L’automobile rend autiste, le
vélo ouvre au monde. La voiture se ferme à clé, se barricade, se chauffe et se
climatise, se sonorise et s’imperméabilise. De l’intérieur de l’habitacle, le
monde extérieur n’existe plus. Le vélo est ouvert, il n’entoure rien et dans le
couple cycliste/vélo, c’est plutôt le cycliste qui protège le vélo que le
contraire. Il protège la selle avec ses fesses, d’où des plaisanteries sans fin
dont certaines grivoises. Il protège les pédaliers avec les pieds, couvre le
cadre d’une large capote large quand il pleut, réchauffe les poignées du
guidon. Mon doudou, mon cœur, mon
mignon. Le cycliste a fortement conscience de son rôle social, de son
implication dans la protection de l’atmosphère, il regarde les bébés et les
vieillards avec affection car chaque coup de pédale leur nettoie les poumons,
leur ramone les voies respiratoires et on aime toujours ceux à qui on rend
service. Le cycliste voit les piétons, repère les deux roues à essence, scrute
les autos, il frôle les piétons, les regarde, leur sourit, demande pardon,
excusez-moi, je suis désolé, merci, attention, ceci est une piste. Les piétons
s’écartent avec amabilité, on n’en veut pas à un cycliste, si tendre, si
fragile, si vulnérable.
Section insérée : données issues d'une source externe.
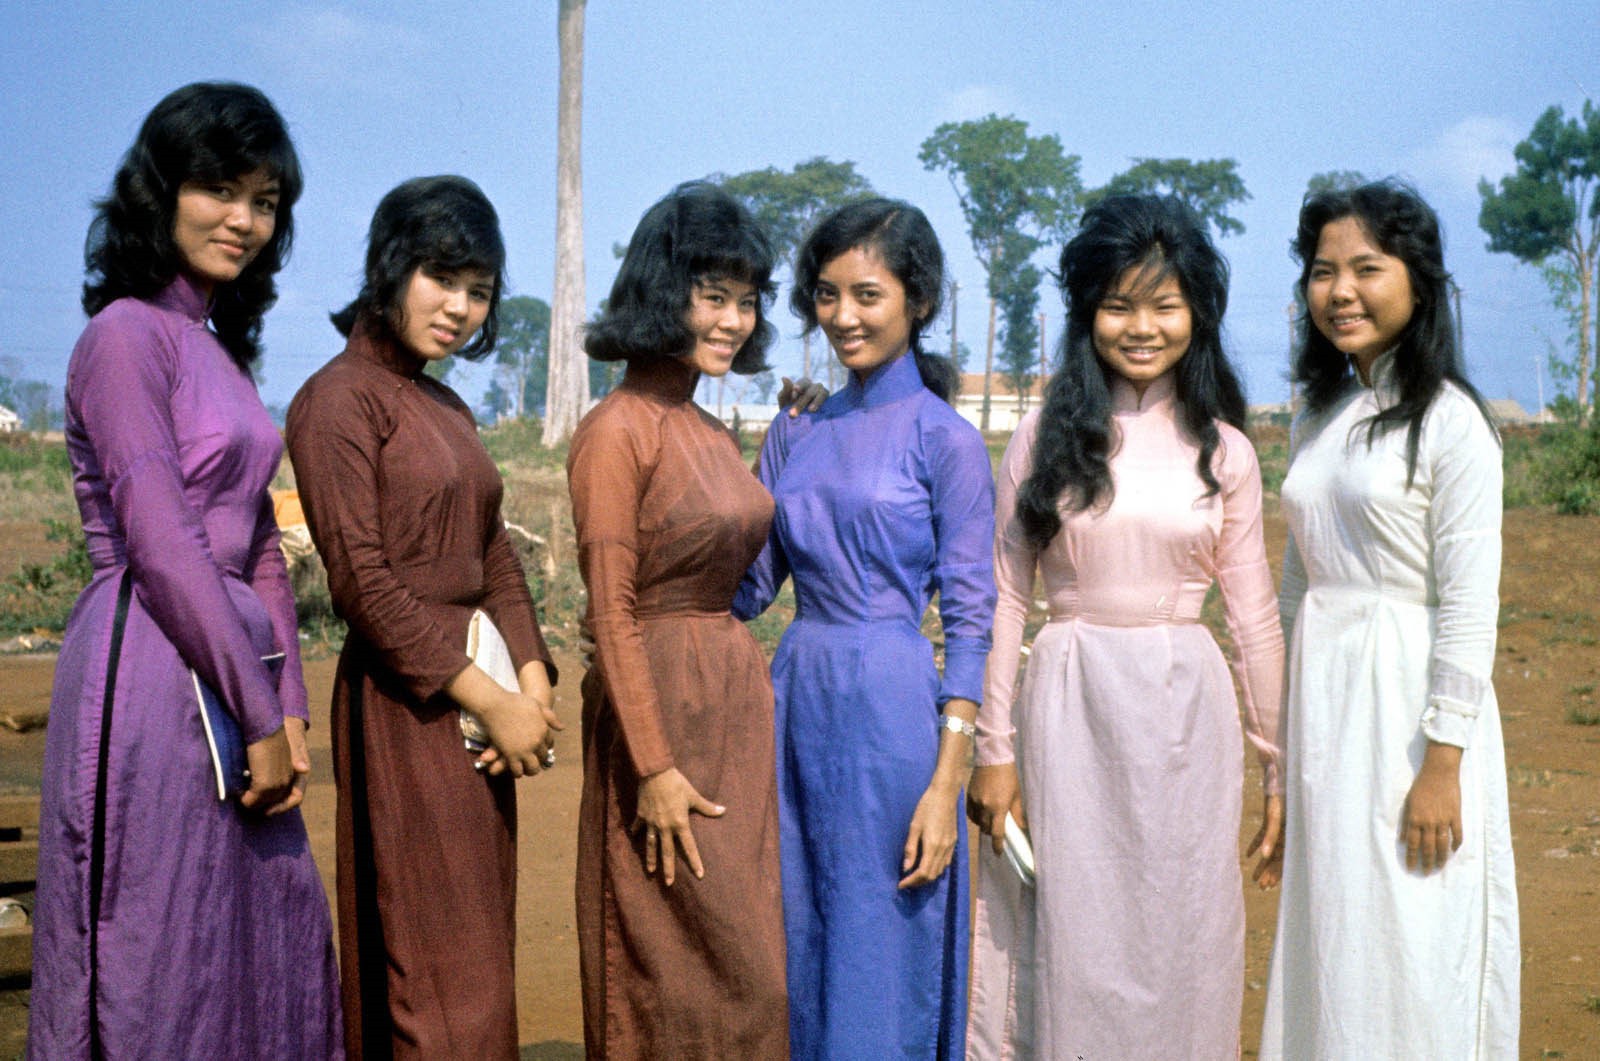 Chùm ảnh: Bình Phước năm 1963 qua ống kính người Mỹ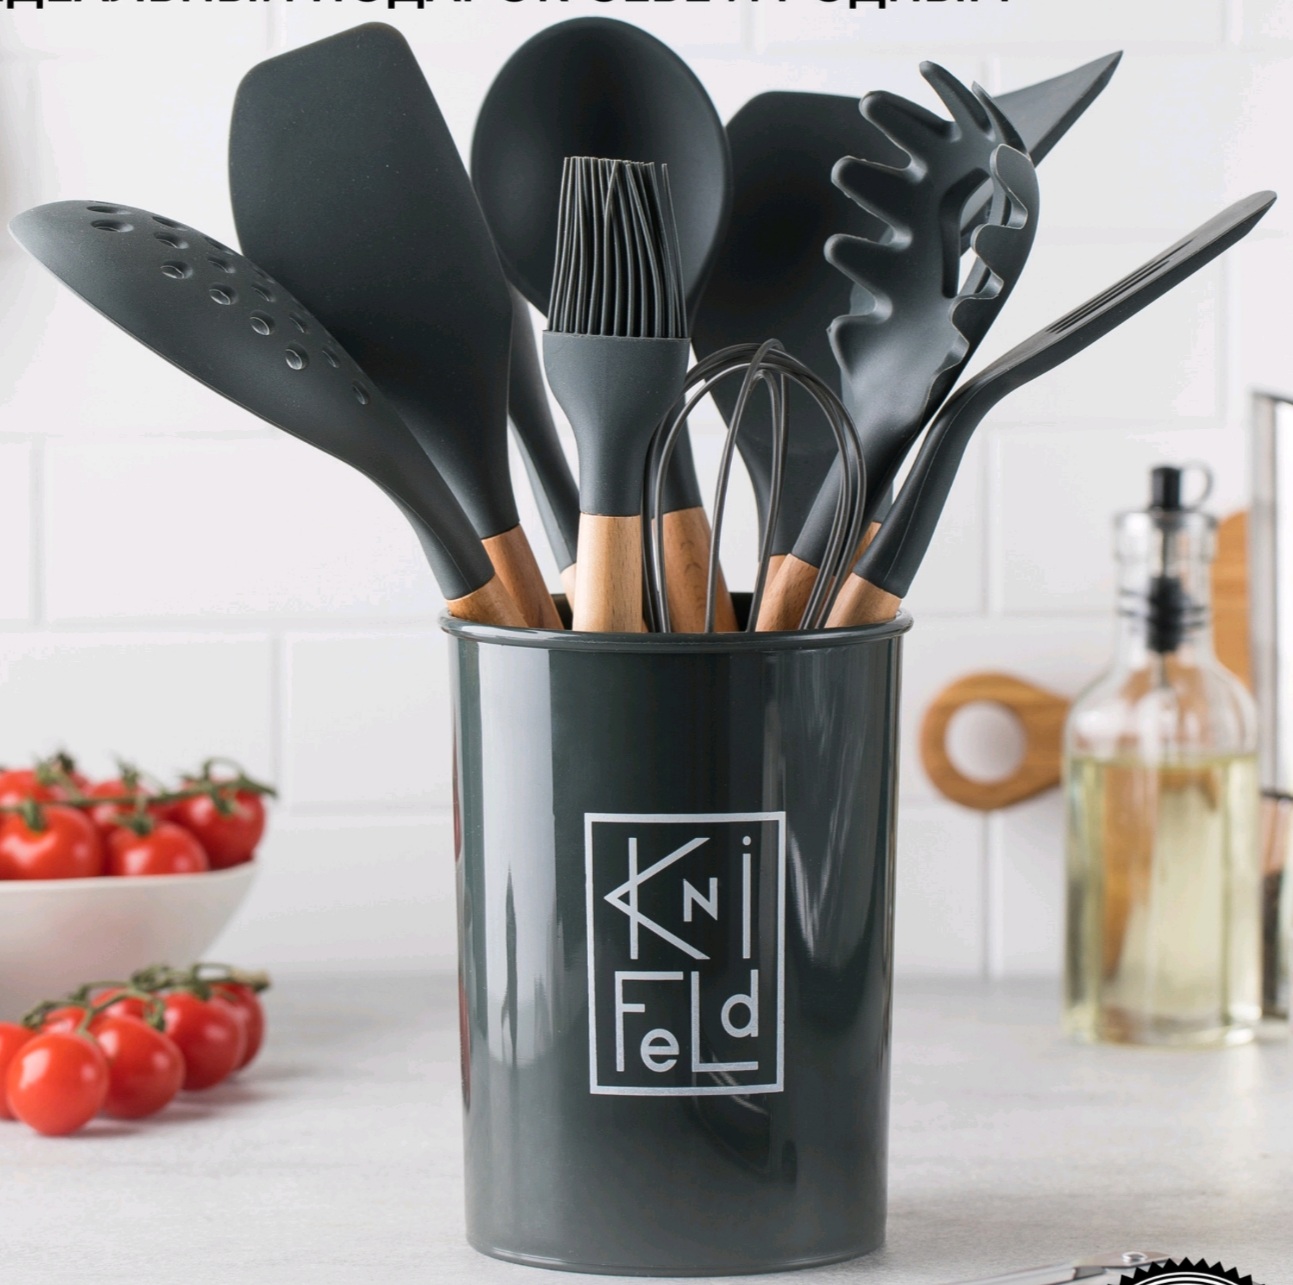 Набор кухонных принадлежностей Knifeld 12 предметов | отзывы

Quand une voiture renverse un cycliste, la sympathie
publique n’hésite pas, elle se porte vers le cycliste, elle regarde le
conducteur automobile d’un œil de jugement dernier. Un piéton provoque moins de
sympathie sauf s’il est un enfant. Le cycliste se glisse dans la foule en
roulant doucement ou s’il y a trop de monde, il met les pieds à terre et la
main dans le guidon, avance comme un couple vers l’autel, en se regardant les
yeux dans les pneus. Jamais un automobiliste ne descendra de sa voiture pour la
pousser doucement vers un garage. L’automobiliste considère qu’il est partout
chez lui, que le défaut majeur d’un véhicule, d’être lourd, d’occuper l’espace
de dix piétons, de polluer, d’écraser, est une qualité, un instrument de
domination. Il monte sur les trottoirs, tranche les pistes, bloque les portes
d’immeubles, pousse les piétons sur les passages cloutés, hurle au premier
obstacle, tout ralentissement est l’équivalent d’un accident vasculaire.
Ah ! J’en aurais à dire sur le sujet. Mais prenons garde. Mon projet est
de faciliter les relations humaines, de favoriser le vivre ensemble, de semer le
care dans les mouvements urbains. Si
je stigmatise ainsi l’un des termes du chaos, il ne fera plus partie de la
solution, comme dans tout compromis qui se respecte, mais restera un problème à
éliminer. Ma religion est faite : un jour, il n’y aura plus sur terre que
des piétons, des cyclistes et des passagers. En attendant, déplaçons-nous en
harmonie et de concert. Merci, passez donc, après vous, au lieu de connard
enculé, tu as eu ton permis par correspondance, tu t’es vu quand tu conduis.